When will South Korea collapse?
South Korea's Dealing with Coronavirus: The Cost of Success
In contrast to western countries, South Korea has successfully contained the spread of the virus without nationwide curfews. How will it now deal with the social and economic consequences of the pandemic?
While some western countries are cautiously beginning to relax their curfews, South Korea has so far been able to master the corona crisis successfully without such massive restrictions. Hardly anything has changed in the cityscape in South Korea, the companies continue to work, and the shops, restaurants and bars are also open. Only schools and kindergartens are closed and mass events have been canceled. On April 15, there were even elections to the national parliament, the highest turnout in 28 years. The huge victory of President Moon Jae-in's party in the vote is mainly due to the successful crisis management of his government. How did South Korea achieve this remarkable success and what challenges does the government now face after it has apparently emerged stronger from the elections? In some cases, South Korea was just lucky in the crisis, but what was even more crucial was that it was institutionally and mentally well prepared from previous crises.

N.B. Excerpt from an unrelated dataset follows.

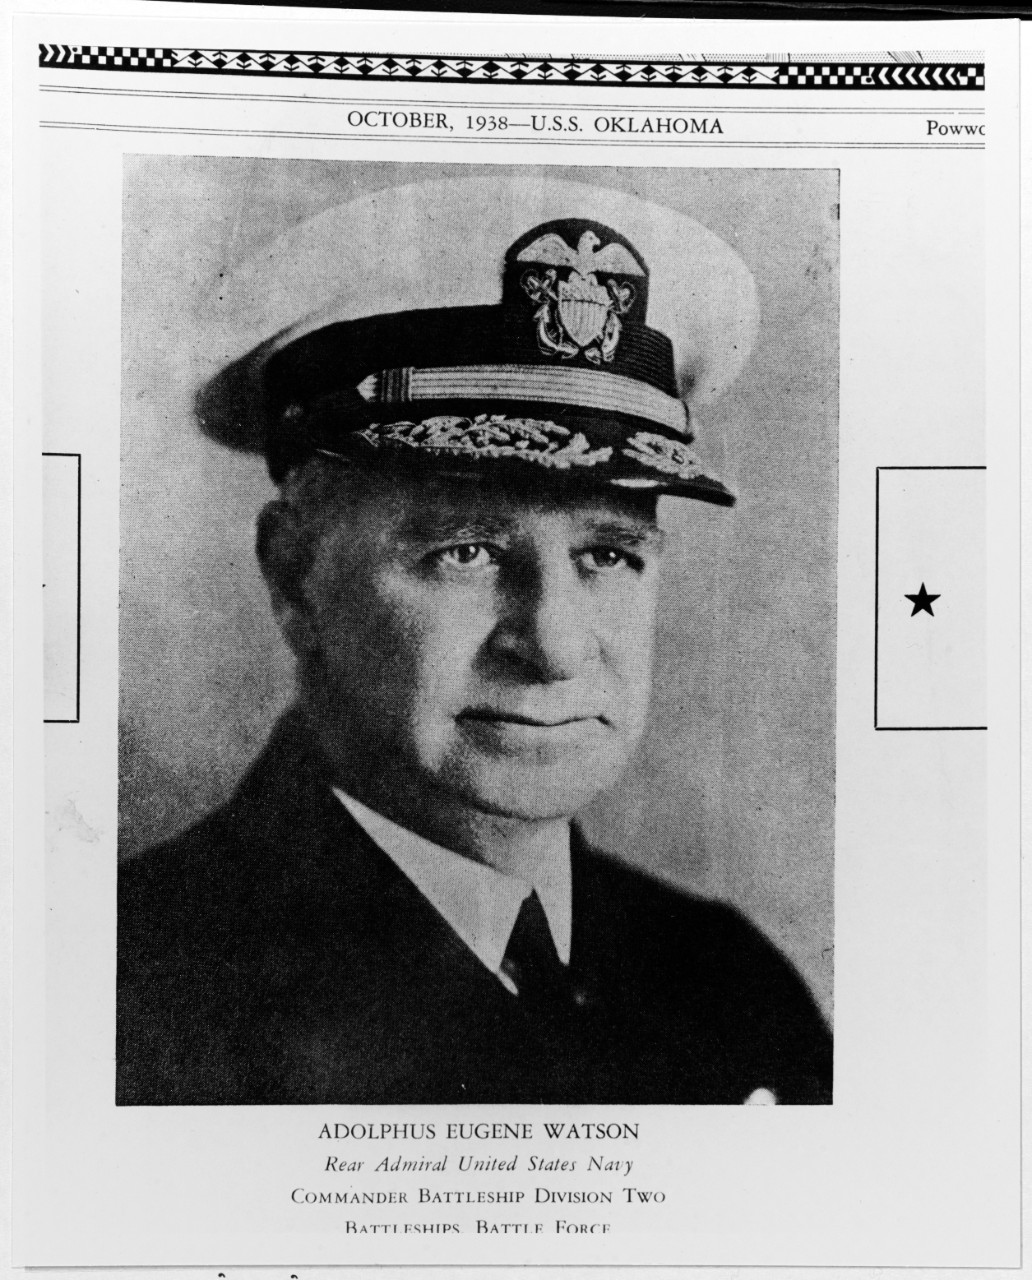 Rear Admiral Adolphus Eugene Watson, USN

Due to the very close economic ties with China and the large number of Chinese tourists, South Korea was one of the first countries to be hit by the pandemic, but at the same time it has some important advantages due to its location: The nation is practically the same with its closed border in the north an island, which makes it easy to control people entering and leaving the country. In addition, the South Korean health system is well developed, as the Bertelsmann Transformation Index (BTI) 2020 published on April 29 confirms: "General health insurance is the most progressive element of the welfare state." did not hesitate to seek treatment. This restricted the spread of the virus and reduced the number of undetected infections.

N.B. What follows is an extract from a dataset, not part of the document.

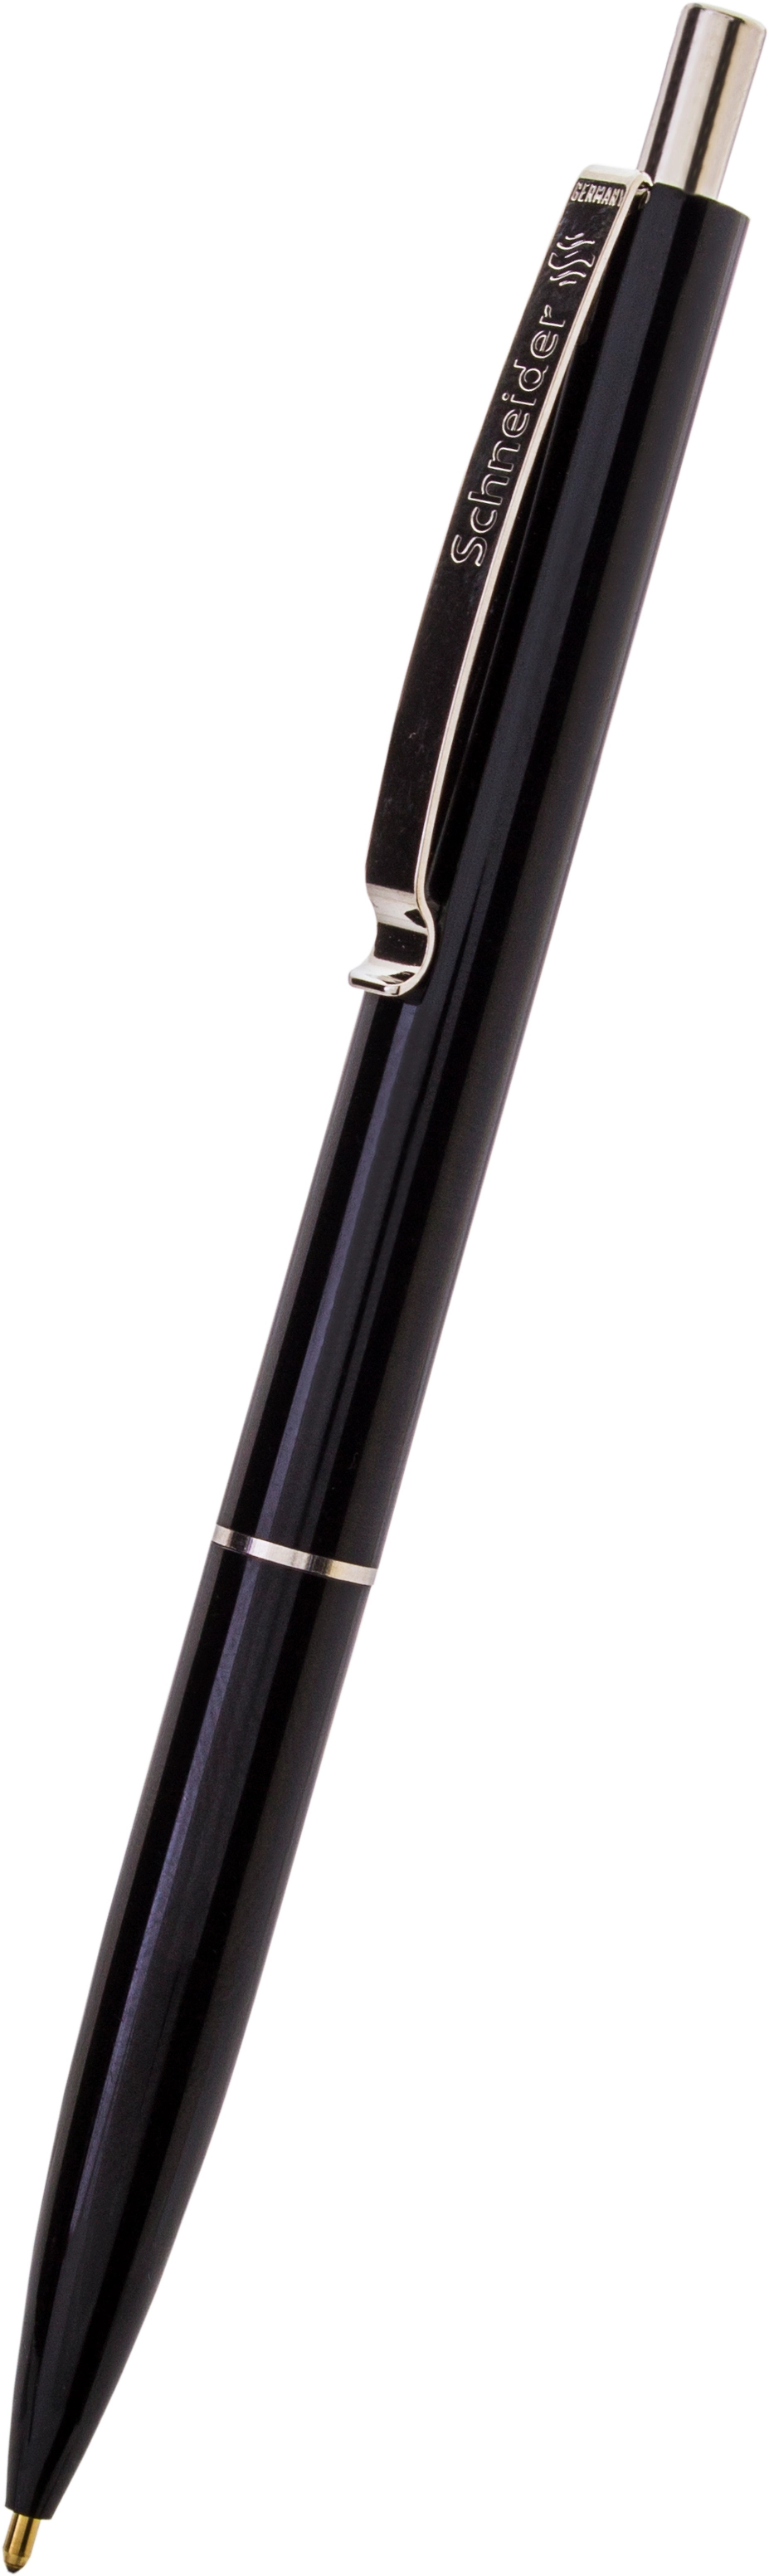 Ручка кулькова автоматична К-15 Schneider корпус чорний

Armed for the MERS outbreak
A MERS outbreak in 2015 prompted South Korea to improve its security system. Measures that were already taken before the Corona crisis were to inform all travelers about infectious diseases and to regularly check the temperature of arriving passengers with cameras at the airports. In addition, the MERS panic was fresh in the minds of South Koreans, and most put on masks immediately when the threat emerged. Contrary to popular belief in Western countries, the wearing of masks was never ordered by the government, but arose from raising public awareness of the issue and the government's ability to mobilize the nation. It also helped that South Korea has a domestic mask production facility, which produces more than 10 million masks a day, mainly due to the high levels of air pollution in winter and spring.
When the country was hit by the crisis this time, the government reacted quickly and expanded testing capacities, invented corona drive-in test stations and successfully pursued routes of infection. South Korea was fortunate that the first infections were concentrated in a few easily identifiable outbreaks, such as Shincheonj Church, that were quickly isolated. Travel restrictions for the Chinese province of Hubei were also issued early and most other travelers were forced to adhere to a 14-day quarantine and download a self-monitoring app on their mobile phones. Later, the movement tracking of people who tested positive played an important role.
In South Korea, there have been few privacy concerns with people tracking their mobility. Everyone can track the movements of all known corona patients on the Internet or in apps. Names were not posted, but almost all other information was public. Alerts were sent through apps and in text messages to those who might have come into contact with those affected. In many ways, mobility and contact tracking is far less intrusive than the nationwide curfews implemented in Western countries. On the other hand, curfews will eventually be lifted, but data collection will most likely continue.
Protection of privacy?
What has so far been clearly missing are debates about the protection of personal data and how the misuse of information can be prevented. This is particularly worrying because institutions that protect the rights of individuals from the state are still underdeveloped. Formally, the south is still at war with the north and a national security law restricts freedom of expression and association. In such an inherently repressive environment, there is always the risk that restrictions on individual freedoms will be abused by an overpowering executive. Although South Korea was institutionally and mentally well prepared for the crisis, it is to be feared that this will apply far less to the time after Corona.
Due to its export dependency, South Korea will be one of the countries hardest hit by the crisis. Ironically, South Korea's success in containing infections could mean the economic impacts linger longer as it will take longer for a large part of the population to develop immunity. For the underdeveloped welfare state with a high proportion of precarious employment, this means that the inevitable economic crisis will soon have massive social effects.
From the elections to a Korea after Corona
His party's election victory enables President Moon to return to his original promise of a more social, democratic and environmentally friendly South Korea. In particular, his plans to bolster domestic demand through social policies, wage increases and more workers' rights seem appropriate at a time when exports are most likely to collapse. At the same time, the BTI country report 2020 warns of the dangers of an “imperial presidency”, since the powers of the president in South Korea are far-reaching. In contrast to the “war on the virus”, the post-Corona Korea cannot simply be created through technocratic interventions and national mobilization campaigns, because the necessary changes will result in redistribution and will therefore lead to massive resistance from interest groups.
Times of crisis have always been times of the executive. However, after Corona, South Korea needs a broad public debate with a variety of opinions on the various policy options. What ultimately shapes a society is not the wars it wins, but the way in which decisions are made for a better future.
Translated from English by Karola Klatt.